Frigga frowned up at him. “Very high up?”

“The blast flung me into a tower, so I did not fall far. But yes, very high up,” he said, looking pitiful again.

She scribbled with one hand and resumed petting his hair with the other. “What else?”

“Romanoff... I suppose it’s my fault the green giant gave chase to her.” He tried to sound appropriately apologetic, he really did. But the memory of how she had fooled him was one of the few that hadn’t lost their bitter edge in the course of time. “The mewling quim,” he muttered under his breath -

- and regretted it immediately, as Frigga’s head shot up, shock written across her face, and she exclaimed “Loki! What did you just call her?”

“I really don’t think she knew what it meant -” he started...

...well, damn.

“You called her that to her face?!”

“I also caused the angry giant to almost squash her like a bug,” Loki said, trying to redirect the conversation to the much safer subject of his actual acts of villainy.
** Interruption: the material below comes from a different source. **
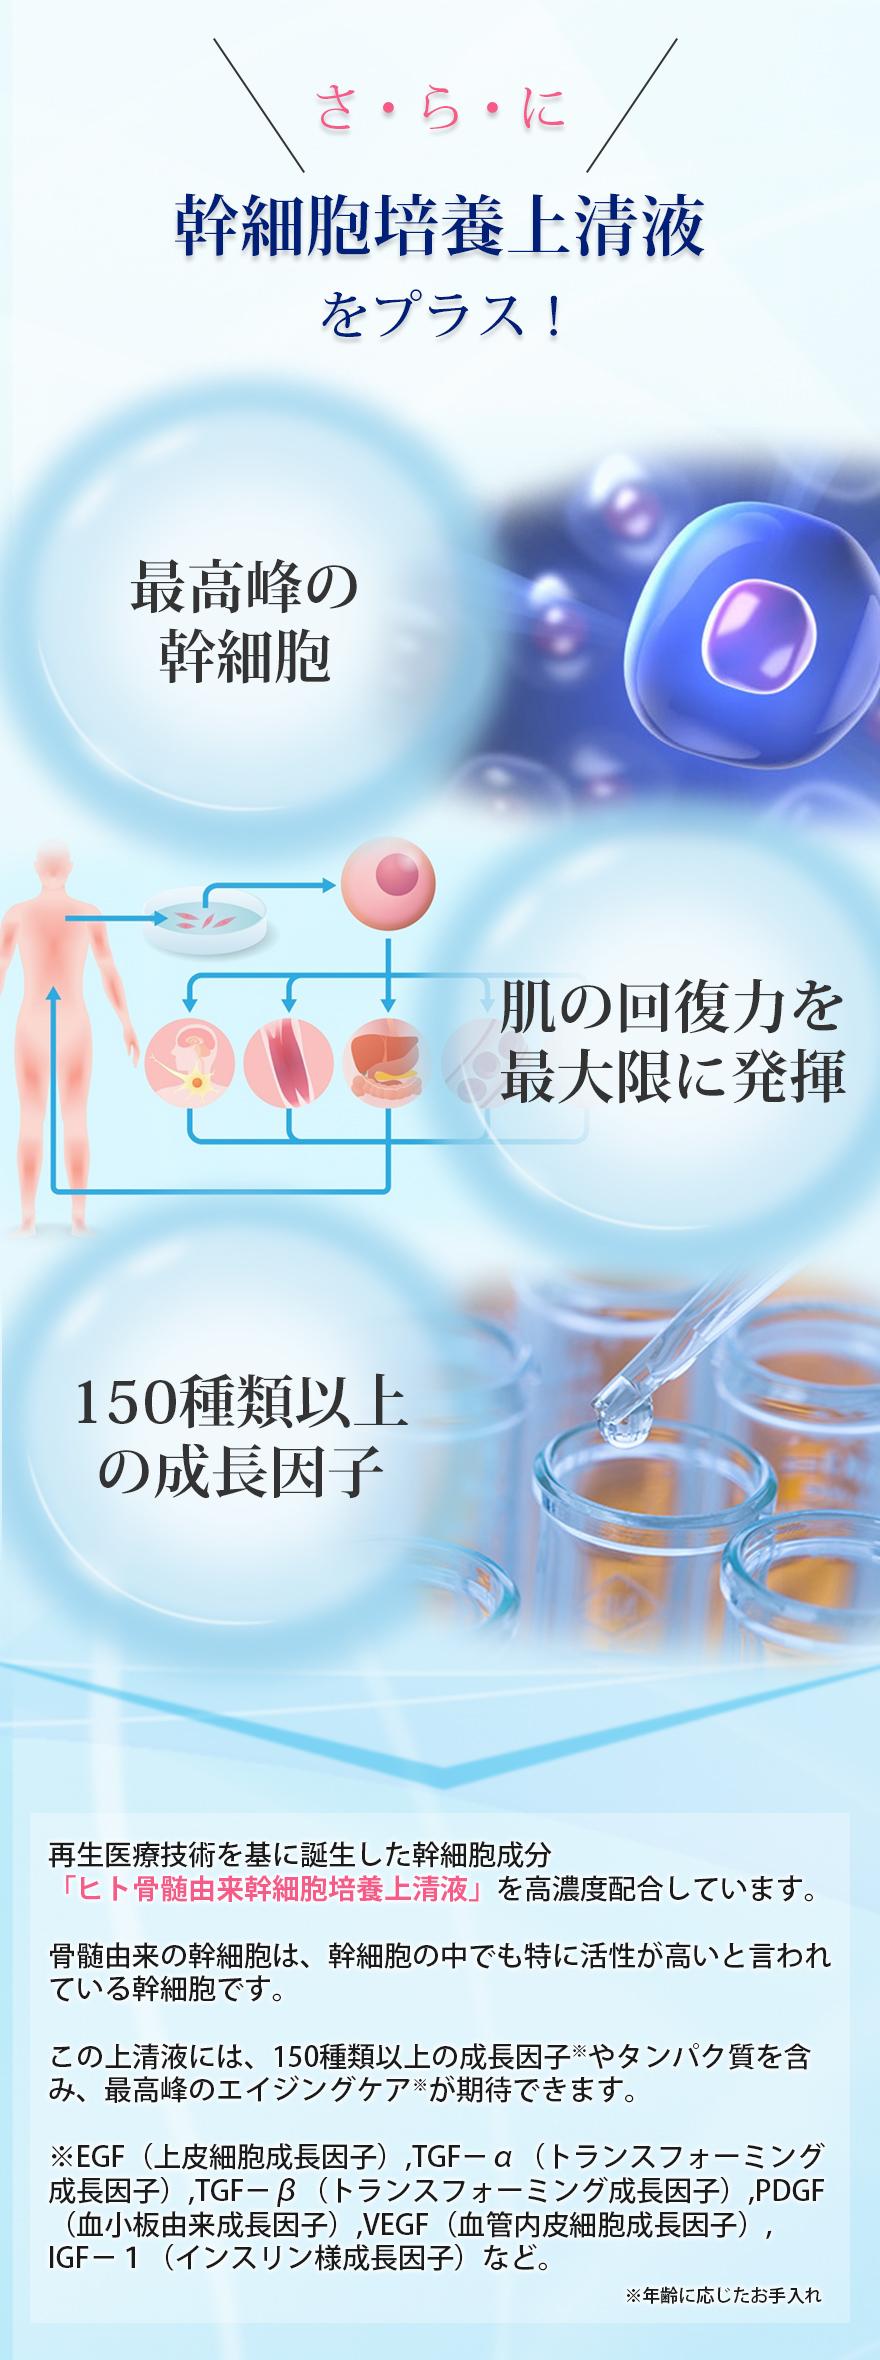 成分3:ヒト幹細胞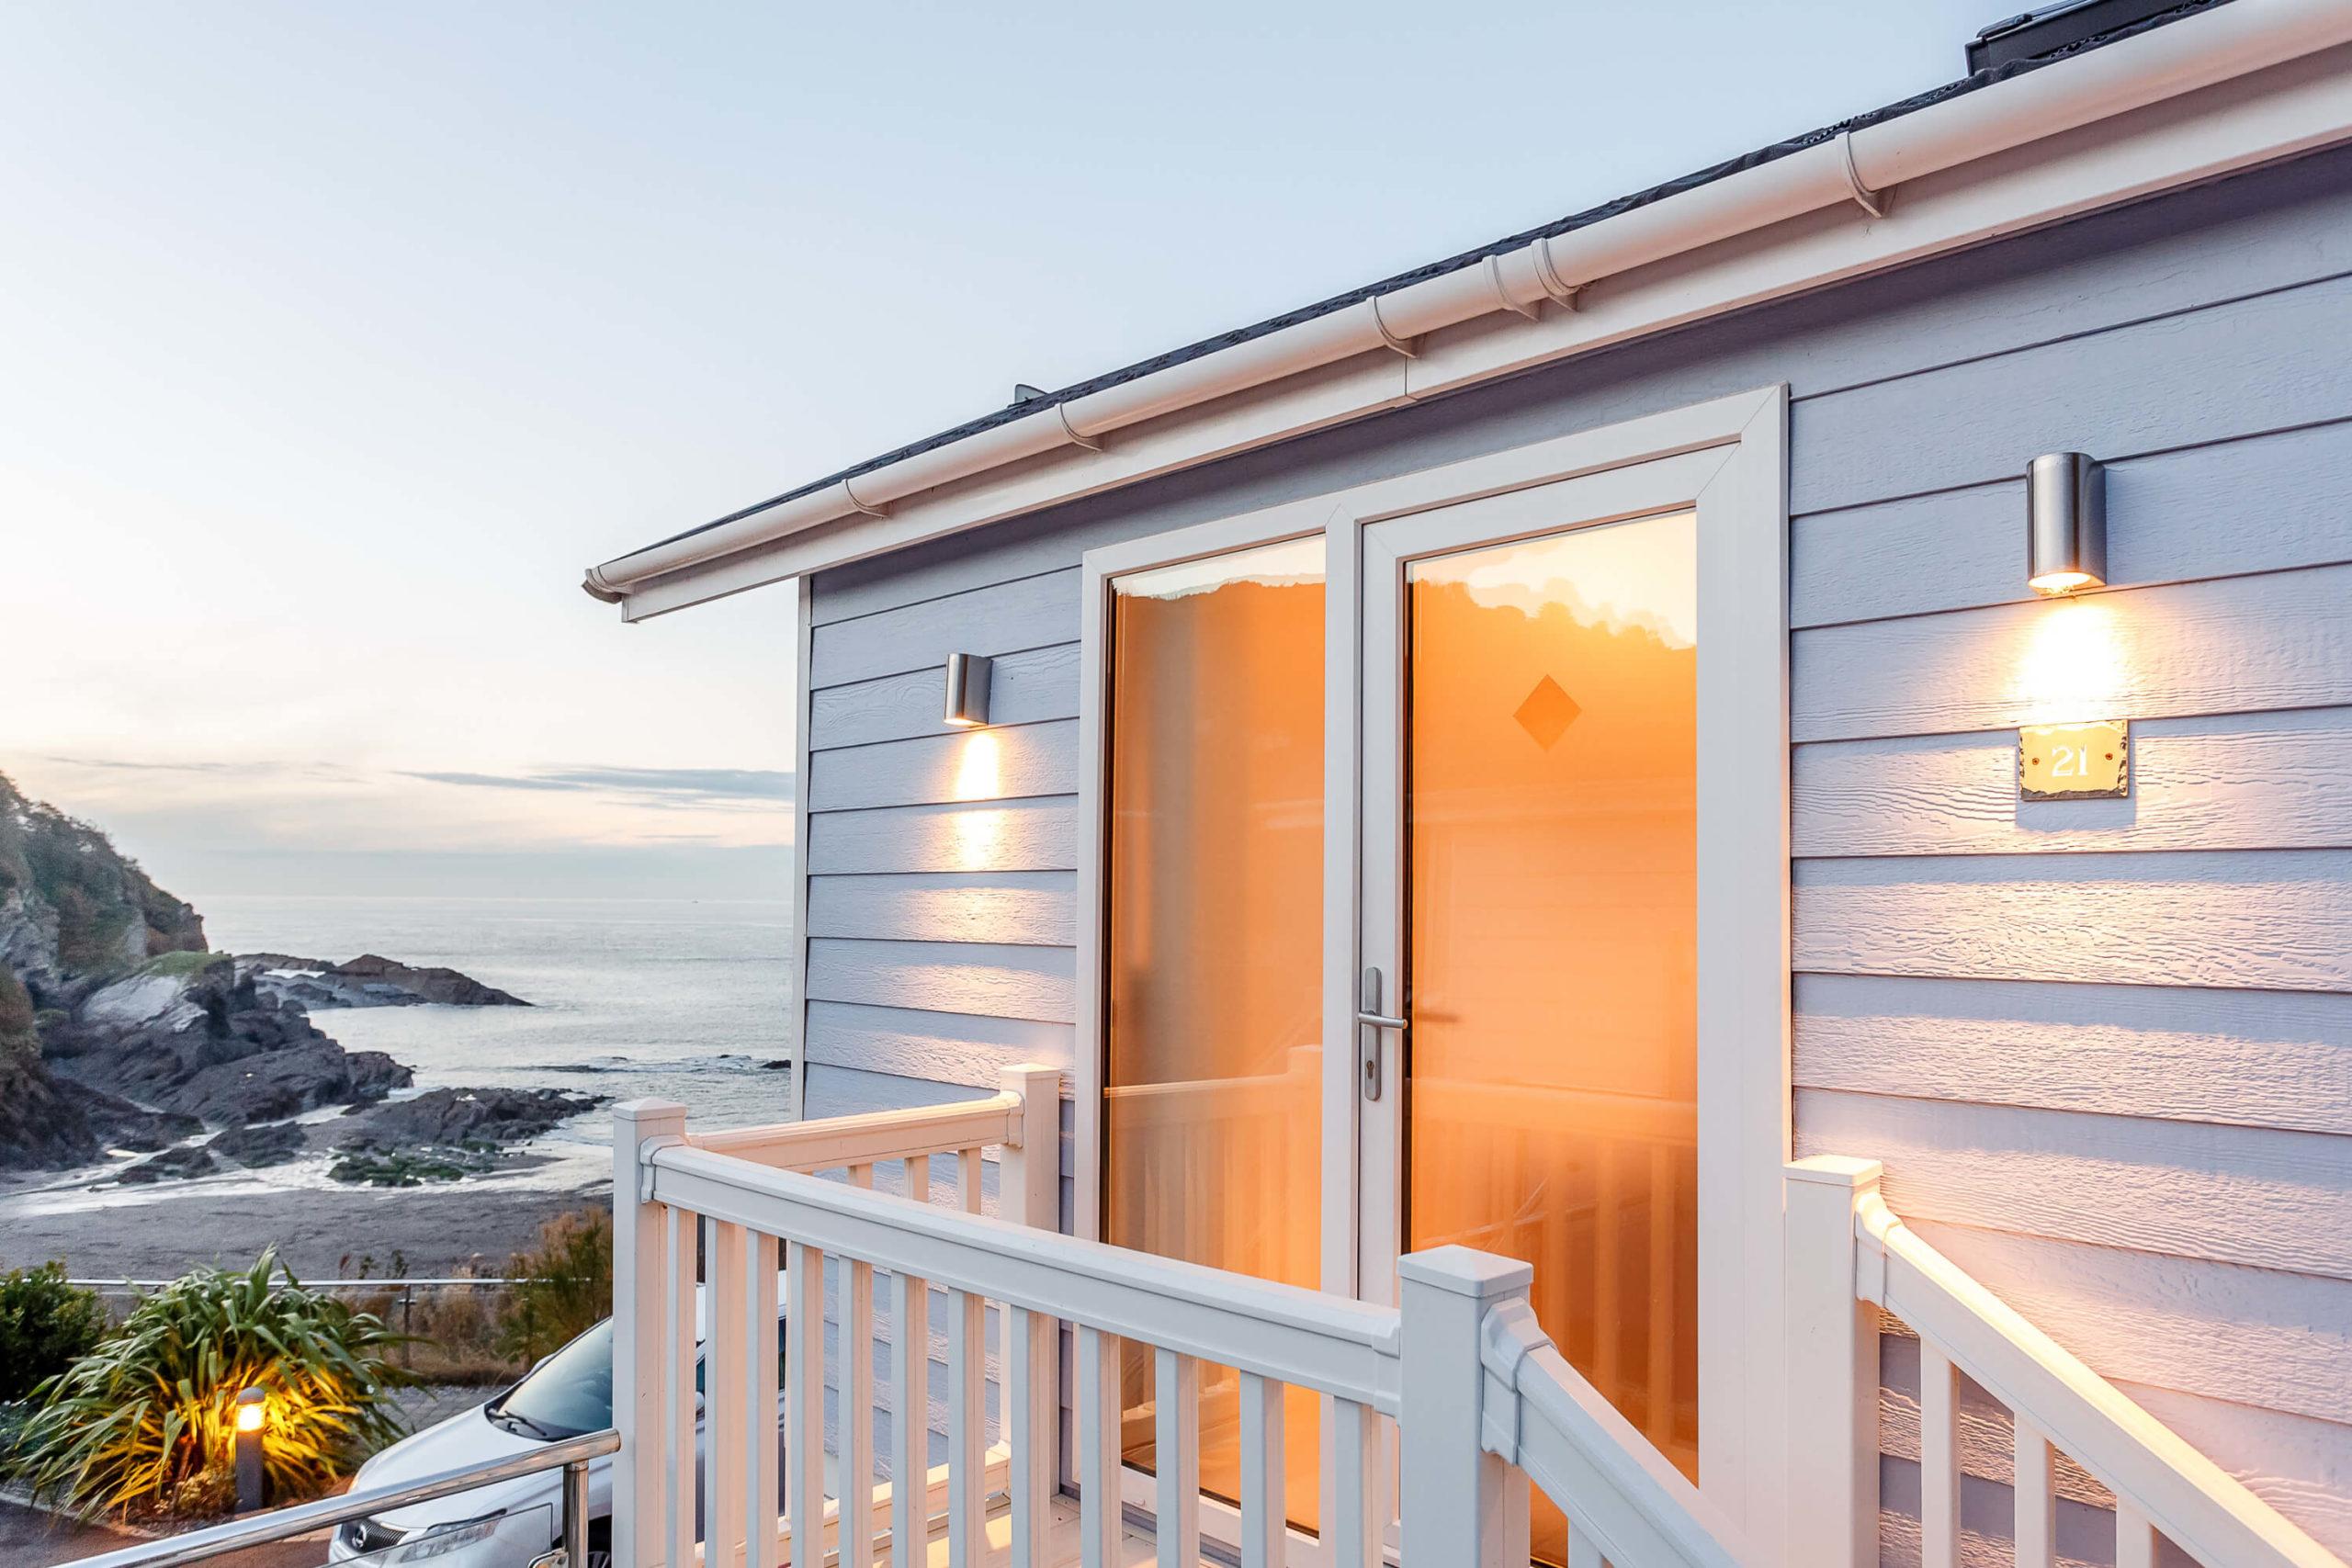 Exterior shot of a beach hut

“Perhaps your father cares what use or abuse you put his lessons of battle and strategy to, but I do not. I am the one who taught you your manners,” Frigga said hotly, setting aside her parchment and standing. Loki had to stifle the urge to shrink back like a little boy. “And I taught you better than to use such language. To a maiden, no less!”

The insultingly snort of ‘maiden, ha!’ did not pass his lips this time. “I’m sorry,” Loki said instead.

“You had better be. I should wash your mouth out with soap, young man!”

Loki’s eyes went wide as saucers. “You wouldn’t.”

“No, I won’t.” The anger left her face, leaving only disappointment, and Loki relaxed a bit - when she added, “Punishment is a man’s way. I will make you apologise.”

And swift as a snake, she grabbed his ear, yanked him up from the couch and -

- world-walked -

- straight -

- down -

- to Midgard, only relinquishing her bruising hold on his ear when they found themselves in a room filled with machines and mortals.

Cupping his abused ear and cursing the day he had decided to show some goodwill and divulge the secret of the hidden pathways, Loki stared out across a vaguely familiar control center. Every single occupant of the room stared back.

The weapons came out moments after.

“Who are you? Identify yourselves,” a female voice snapped.

Frigga and Loki turned to face the speaker; a woman just as familiar-but-unfamiliar to him as the room they were in. The silver of her tidy knot and her deeply lined face did not suggest a warrior, but everything from her sharp blue eyes, straight posture and crisp uniform, spoke of authority and battle-honed instincts.

“I am Frigga Fjorgynsdottir, Queen of Asgard, and this is my son, Prince Loki,” Frigga said. “We have come to make reparations with one of your people.”

“Asgard?” The blue-eyed woman took in the sight of the Asgardians, hid a smile a fraction of a second too late at the sight of Loki sullenly rubbing his ear, and stepped toward them with a hand outstretched. “That’s been a while. Welcome to Earth. And welcome to SHIELD.”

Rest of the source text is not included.